Leng Bengco wrote:
Currently, I am enrolled on a database class. One of the requirements is to report to the class a particular RDBMS. My goupmates and I chose Firebird. Can we seek your help on how "careful write" is peformed on Firebird?
Ann W. Harrison answers:
The simple answer is "by writing pages in the correct order", but that probably doesn't help. The underlying rule for careful write is that you must write the page pointed at before you write the page that points at it.
Firebird uses careful write to keep the database on disk correct at all times. Assuming that the disk subsystem doesn't lie about the order in which it writes pages and there are no bugs, you can crash a Firebird server at any point and the database will restart without corruption. Some space may be unusable for reasons we'll get into, but the database will be correct and will include all committed change made before the crash.
Here's an example of careful write in action. When Firebird creates a data page, it calls a routine called fake_page (I think) to get a page size buffer which Firebird formats as a data page (DPG) and then writes new record versions there - all this is in memory, and uncommitted.
To put the new page on disk, Firebird find a free page in the database from the active a page information page (PIP). Then it must change the state of the page on the PIP, write the data page, then write the page number on a pointer page (PPG) for the table, making it known as a part of the table.
The order of page writes is PIP first, so the page is marked as being in use and can't be allocated by some other thread, then DPG, then PPG. If there were index entries for the newly created records on the page, they are written next on index pages (IDX).
All pages must be on disk before the changes are committed.
If there is a crash before the PIP is written, nothing has changed. If the crash comes between writing the PIP and writing the DPG and PPG, then that page becomes unavailable until someone runs gfix, but everything else is OK. If there is a crash after writing the DPG but before the PPG, the situation is the same - the DPG is allocated but not used. All the records on the page belong to transactions that were rolled back, so there's no data loss.
If there's a crash after writing the PPG but before writing the IDX pages, the page is part of the table, but all records on it belong to a rolled back transaction, so they will be garbage collected eventually.
Consider the case of an index page split. Actually, for that, check the Firebird for Database Experts articles at ibphoenix. They've got pretty colored pictures of index splits and the writes they cause.

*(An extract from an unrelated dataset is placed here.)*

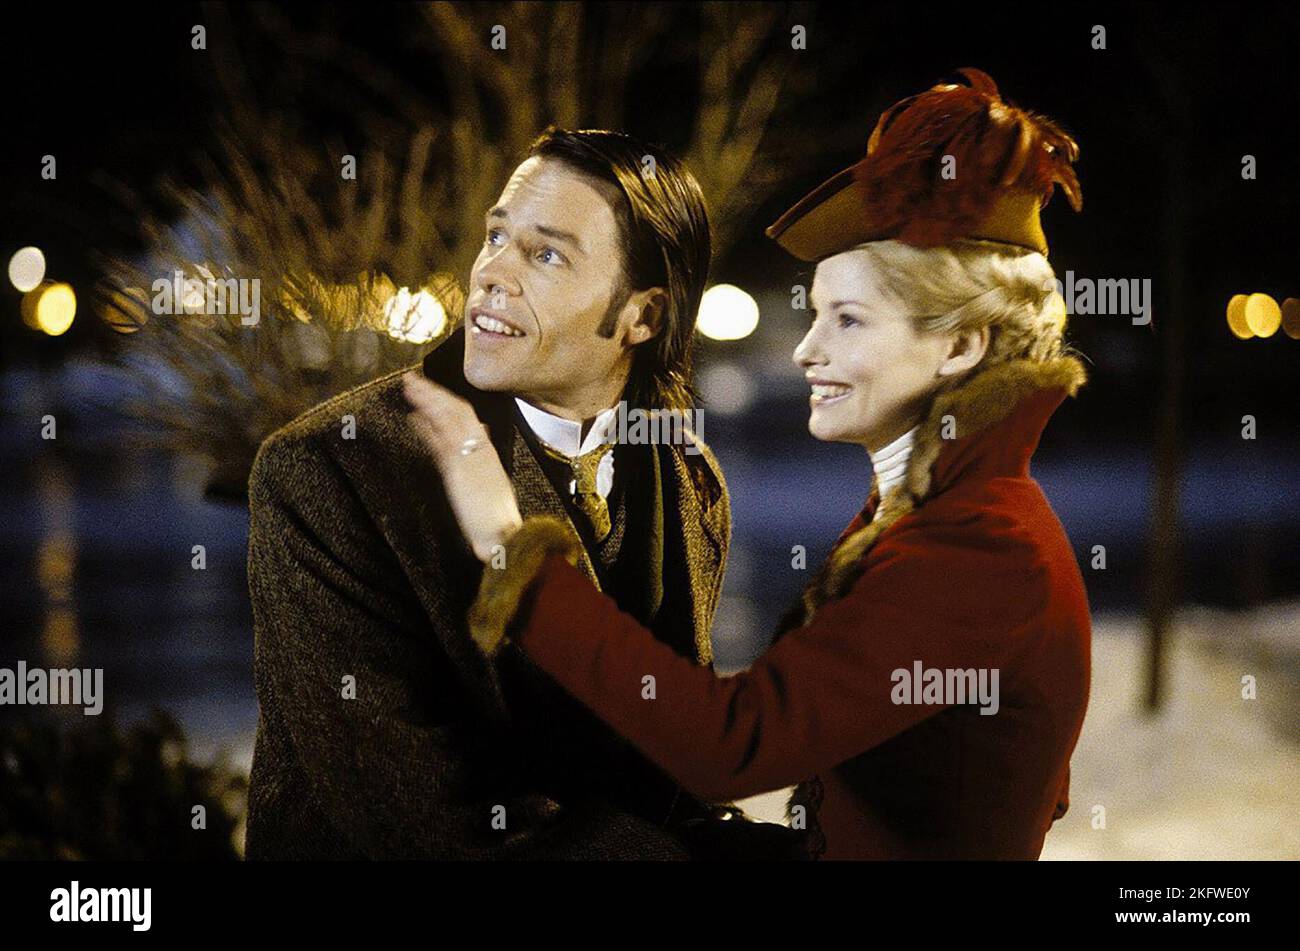 GUY PEARCE, SIENNA GUILLORY, THE TIME MACHINE, 2002 Stock Photo

All the ordering of page writes is controlled by a dependency graph - a structure that maintains the order of dependencies among unwritten pages. In the case we just looked at the IDX pages depend on the PPG which depends on the DPG which depends on the PIP. If some other transaction makes a change to one of those IDX pages and commits, it will force the write of the IDX which can't happen until the PPG is written which can't happen until the DPG is written, which can't happen until the PIP is writing. So asking for a write of an IDX causes these writes in this order: PIP, DPG, PPG, IDX.
So each page has its place in the dependency graph and will cause the pages it depends on to be written before it. That graph also shows potential loops - page A must be written before page B which must be written before page C which must be written before page A, resulting in an irredeemable mess.
When the dependency graph shows that the next entry will cause a loop, Firebird forces out enough pages to break the loop before entering the new dependency. Those write are necessary only to make careful write possible. Falcon avoids the cost of writing and reading a recovery log at the expense of sometimes writing database pages that could be deferred in other schemes.